US District Judge Laura Taylor Swain, in a one-page order Friday, denied Tournant’s motion to dismiss the indictment against him. She said she will publicly file a redacted version of an opinion providing her reasoning as soon as this month.
Lawyers for Tournant declined to comment on the ruling.
Tournant claims that lawyers at Sullivan & Cromwell who initially represented both him and Allianz misused their client relationship with him, gaining information they used to push the government to focus on him instead of the company. Prosecutors said he was trying to avoid trial by making inflammatory and baseless claims about his former attorneys and the government.
Tournant says he met with Sullivan & Cromwell lawyers on June 3, 2021, to prepare for planned testimony to the US Securities and Exchange Commission, even though the firm was already aware it had a conflict of interest representing both him and Allianz. The lawyers later passed information to prosecutors that Tournant provided during the meeting, he claims.
Two executives who worked with Tournant, Stephen Bond-Nelson and Trevor Taylor, agreed to plead guilty to charges and are cooperating with prosecutors.
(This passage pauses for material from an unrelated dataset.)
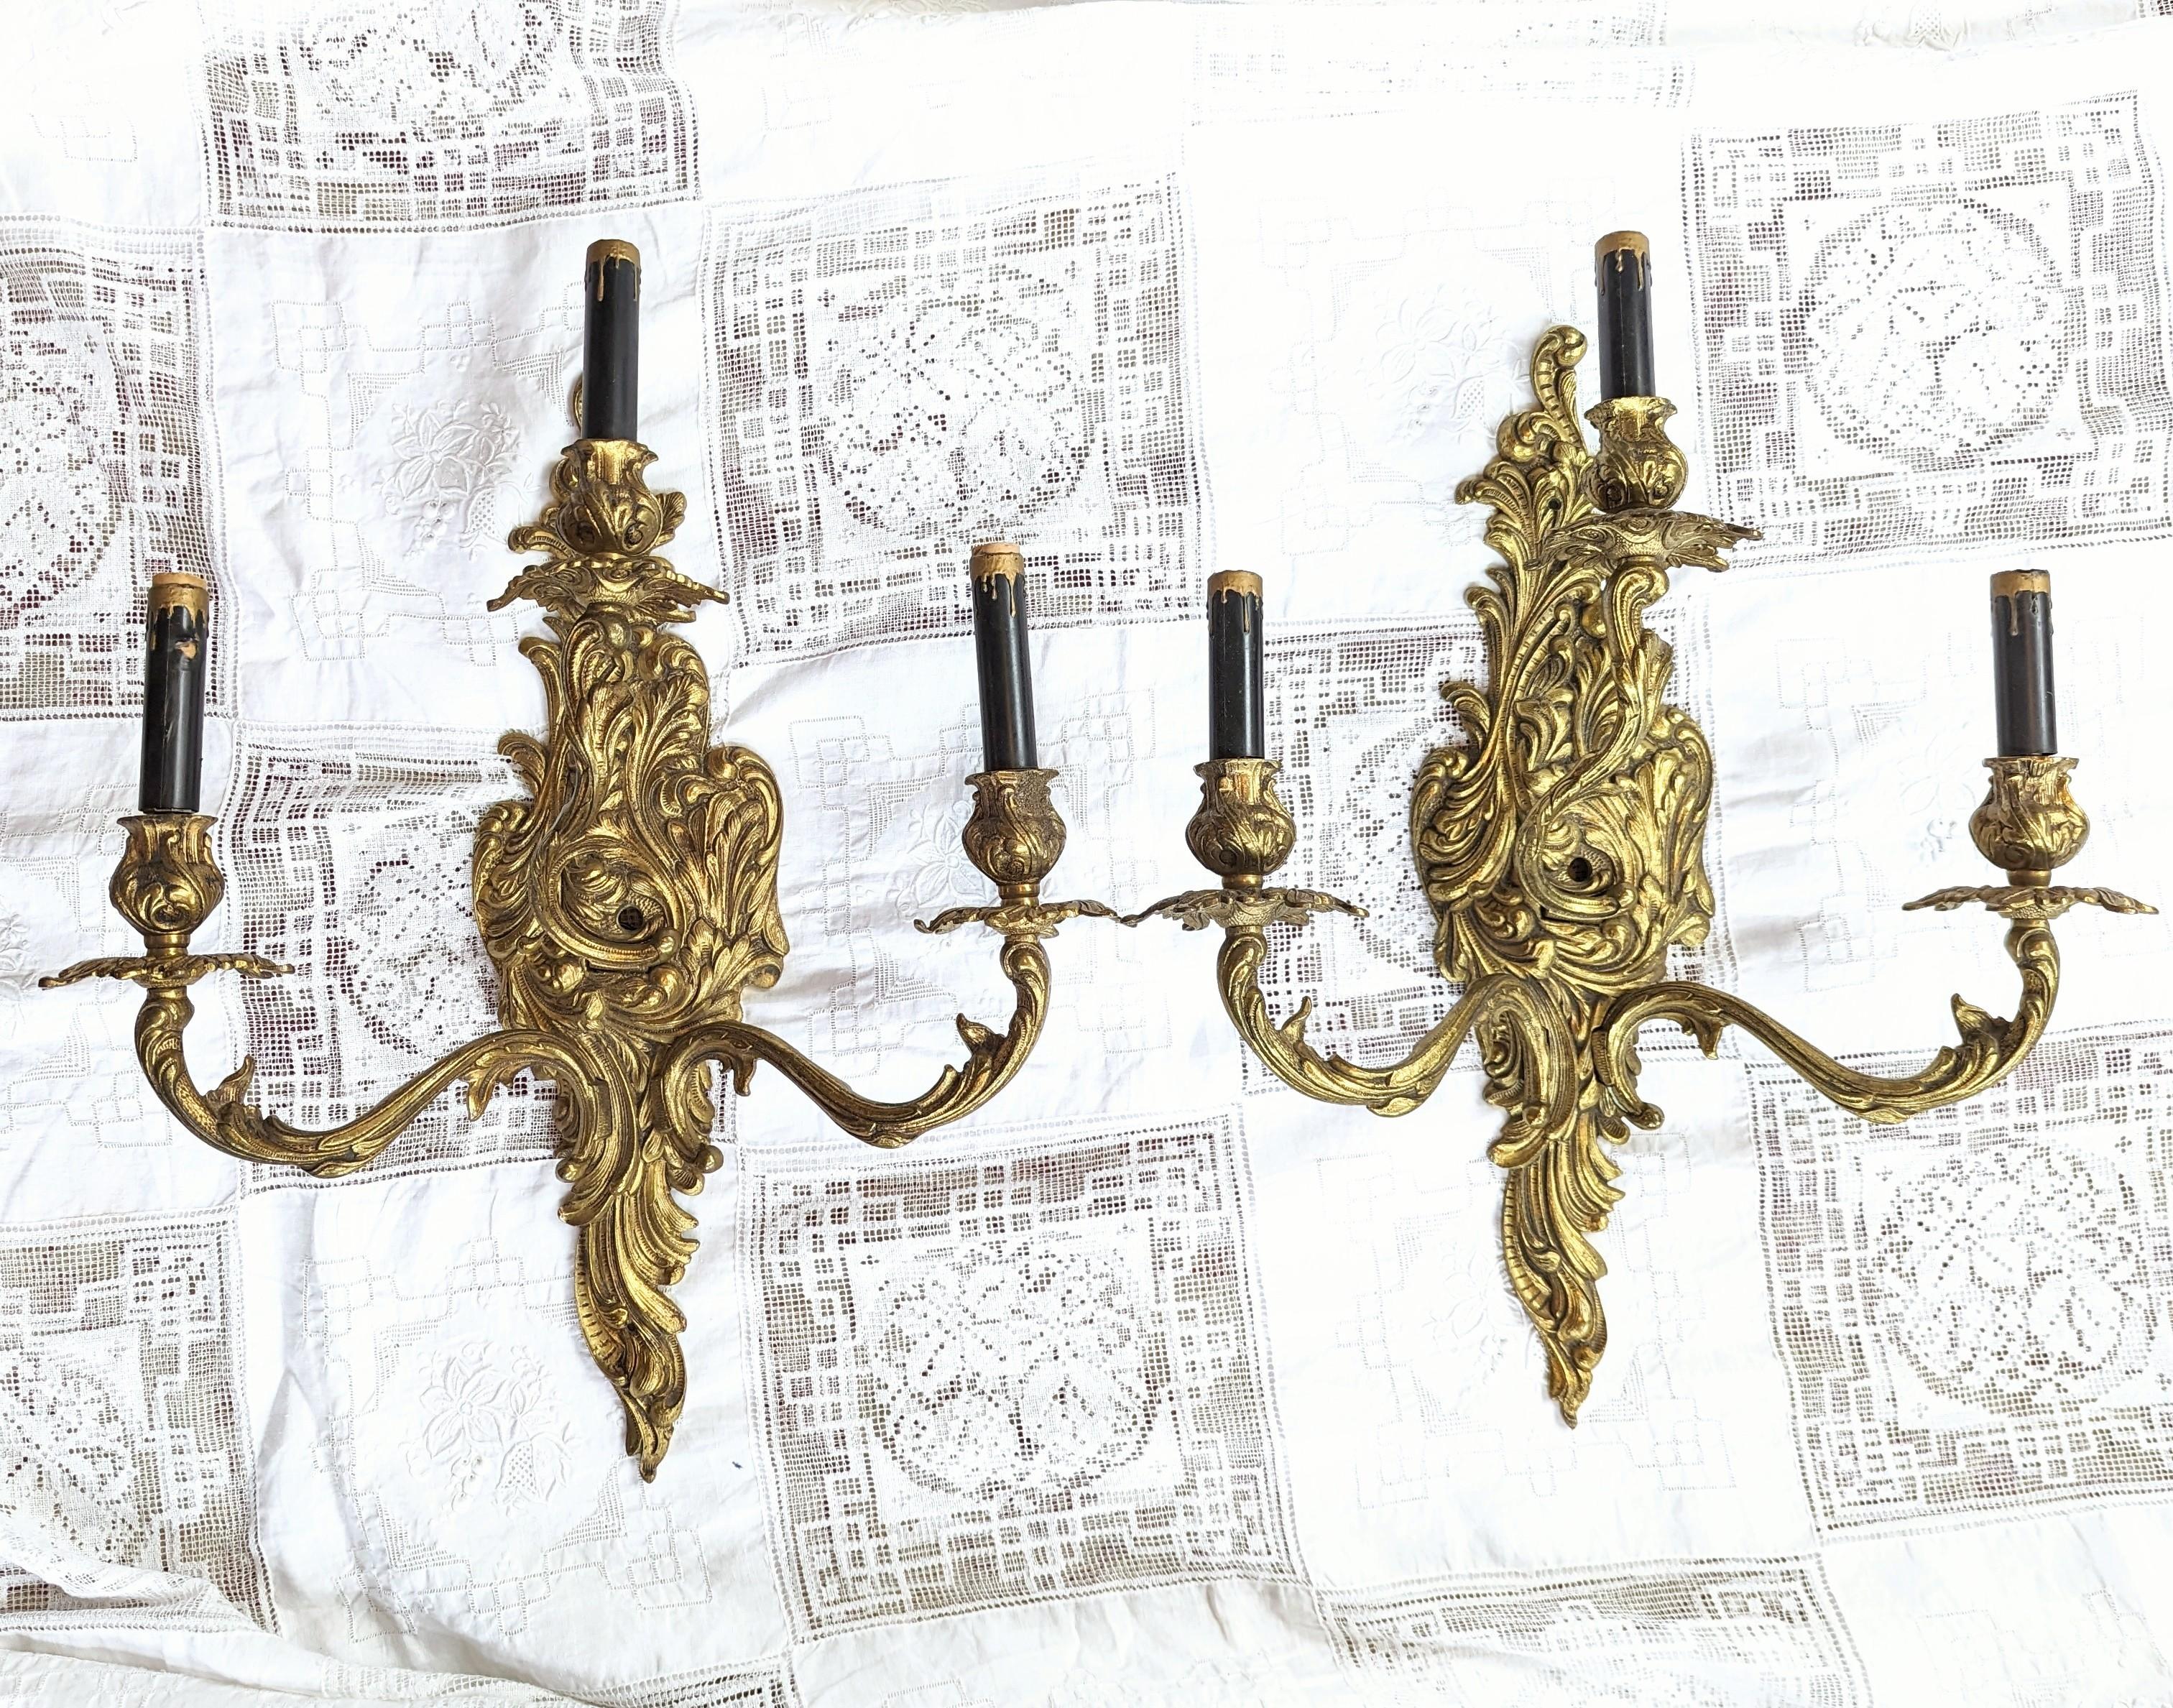 Pair of Magnificent Antique French Gilded Sconces. Measures 19 inches from top to bottom, the arms extend to approximately 16.5 inches in width, the interior portion is 5 inches in width, and they extend approximately 6.5 inches out from the wall.

The government claims Tournant conspired to obstruct an SEC investigation by telling Bond-Nelson to lie to the company’s lawyers, knowing the information would be passed on to the regulator.
The US argued that Tournant signed a written waiver, when he was represented by three different law firms, that allowed his employer to disclose information to prosecutors. The government later ended up charging both Tournant and an Allianz unit.
A New York judge last month approved a plea deal under which a unit of Allianz SE, the German insurer, agreed to pay about $6 billion and pleaded guilty to a single criminal charge of securities fraud to resolve charges it misrepresenting the investment risk posed by the hedge funds.
The case is US v. Tournant, 22-cr-00276, US District Court, Southern District of New York (Manhattan).